For applications requiring large-scale computations, using a logarithmic number system (LNS) is better than using a linear system. LNS achieves higher efficiency than linear systems by reducing average bit activity while performing multiplication and division using addition and subtraction. Therefore, implementing FFT based on LNS can save a significant amount of power. The downside is that the width of adders and subtractors will increase, leading to exponentially larger lookup tables.

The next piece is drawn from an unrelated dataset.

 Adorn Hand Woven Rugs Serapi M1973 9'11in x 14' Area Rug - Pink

Asynchronous Clockless Design:

In synchronous clock-based designs, clock distribution consumes a large portion of energy. Traditional design methodologies form large-scale clock tree structures, which potentially increase the average power consumption of SoCs. The most likely issue is clock skew, which is the difference in time it takes for the clock to reach different parts of the circuit. When the circuit is large and slow, clock skew is not significant. However, as the process technology shrinks and speeds increase, the differences in clock skew become more pronounced, requiring additional design time and circuitry to address this issue. Distributing the clock across the entire chip is not an easy task and can lead to irregular layouts. Another issue is the considerable power consumption involved.

Due to the series of problems caused by clocks, removing them from the design is an attractive idea. This is the fundamental intention of asynchronous design. However, clocks cannot simply be removed directly, as some form of control over circuit operations is still required.Asynchronous circuits inherently perform self-control, hence they are also referred to as self-timed circuits.

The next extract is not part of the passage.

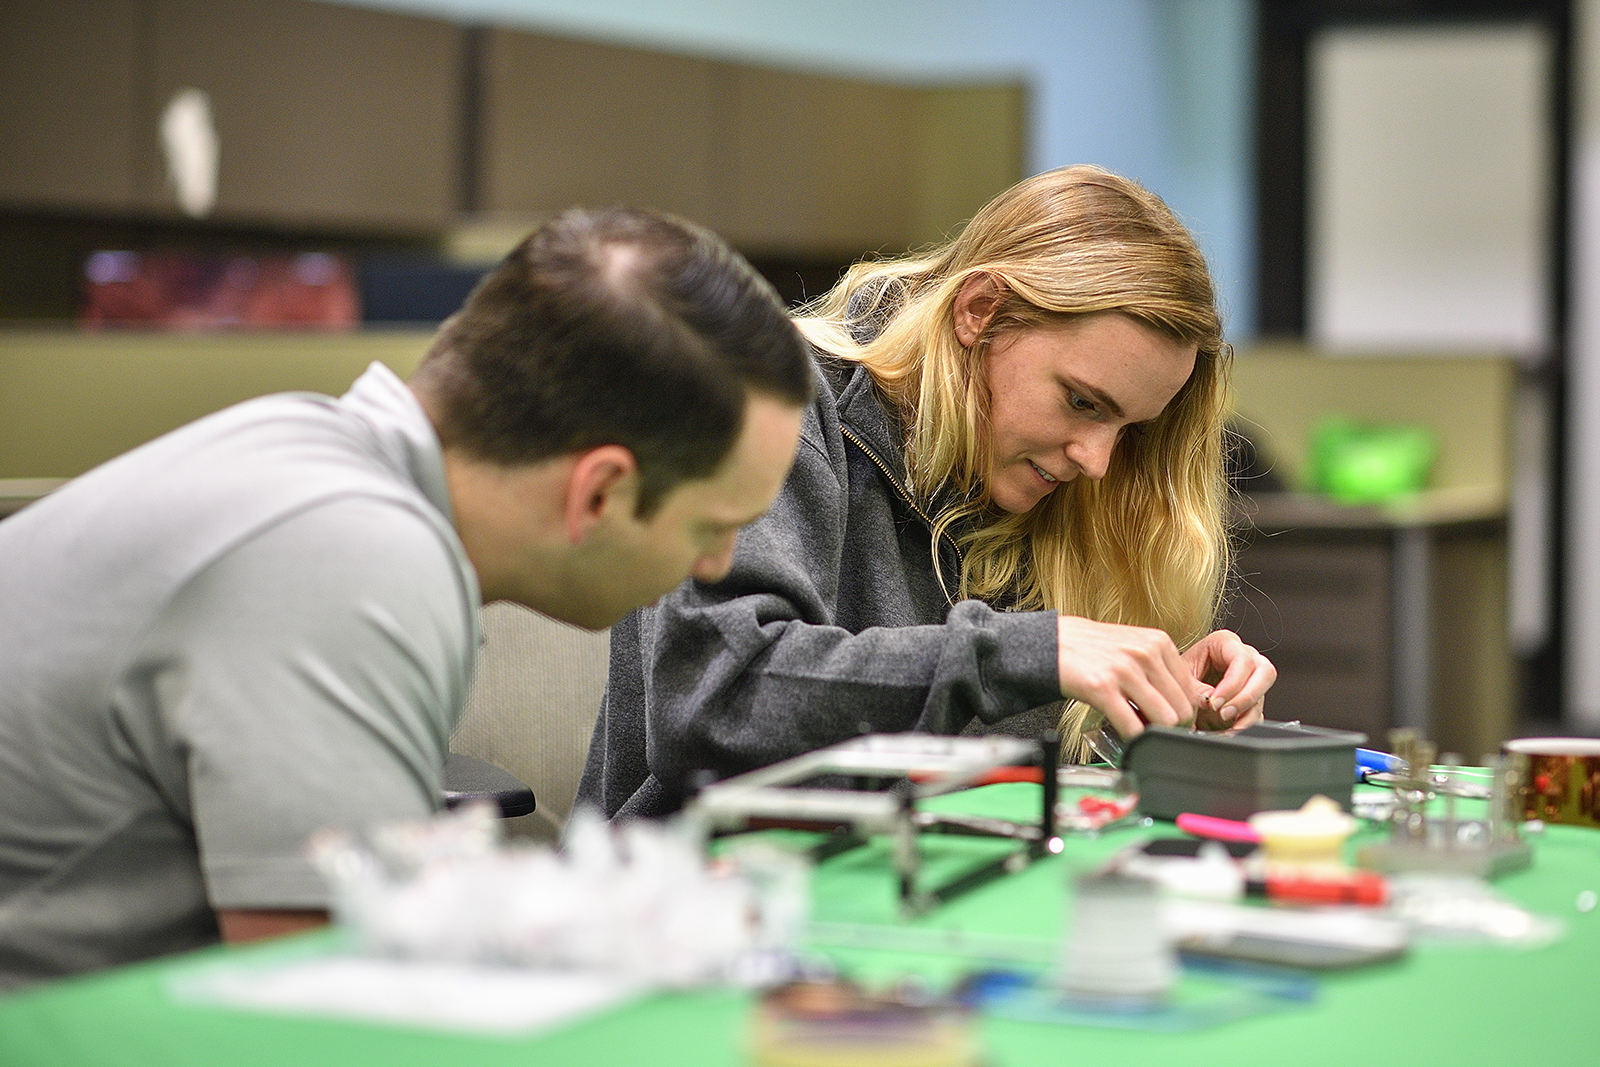 Brittney Thurston (Right) works with Michael Ayers on their Shape Memory Alloy system

Figure 5.8 shows an asynchronous system where two modules interact using a handshake interface.

Removing the clock improves energy efficiency. Clocks consume a lot of energy, especially in large-scale high-speed systems, so their removal significantly enhances energy efficiency. Additionally, since inactive components consume almost no energy, the dynamic power consumption of asynchronous circuits approaches zero.

Asynchronous circuits rely on delay-insensitive encoding for signal exchange interfaces, with the most popular being dual-rail encoding.

Dual-rail encoding transmits each data bit using two wires, hence it is called dual-rail (single-rail uses only one wire to transmit each data bit).

In dual-rail encoding, one wire represents logic 1, while the other represents logic 0. The two parts can reliably communicate with each other without being affected by delays on the wires. This protocol is insensitive to delays. The encoding is as follows:

“LL”=”No Data”, “LH”=”0”, “HL”=”1” where L=logic “0” and H=logic “1”

Here, 0 or 1 represents valid data. “11” indicates invalid.

As clock speeds are likely to exceed 5GHz, and inter-chip communication costs occupy 5 to 20 clock cycles, a method to establish hierarchical clock speeds is needed to achieve local synchronization and global asynchronous connections. This requires tools that can handle asynchronous, multi-cycle interconnects as well as local synchronous, high-performance communication.

Power Gating:

• Fine-Grained Power Gating: In fine-grained power gating, there is a switch transistor between each gate and ground. This method allows for turning off the connection to ground when certain functions are not in use. This control can be applied to each element in the library.The size of the power gating must meet the demand for switching current in all situations. This gate must be large enough to avoid measurable voltage drop (IR). Additionally, choices must be made for the head switch (P-MOS) and the foot switch (N-MOS), as shown in Figure 5.9. Typically, when the provided switching current is the same, the area of the foot switch is smaller. Dynamic power analysis tools can accurately measure switching current and predict the size of power gating.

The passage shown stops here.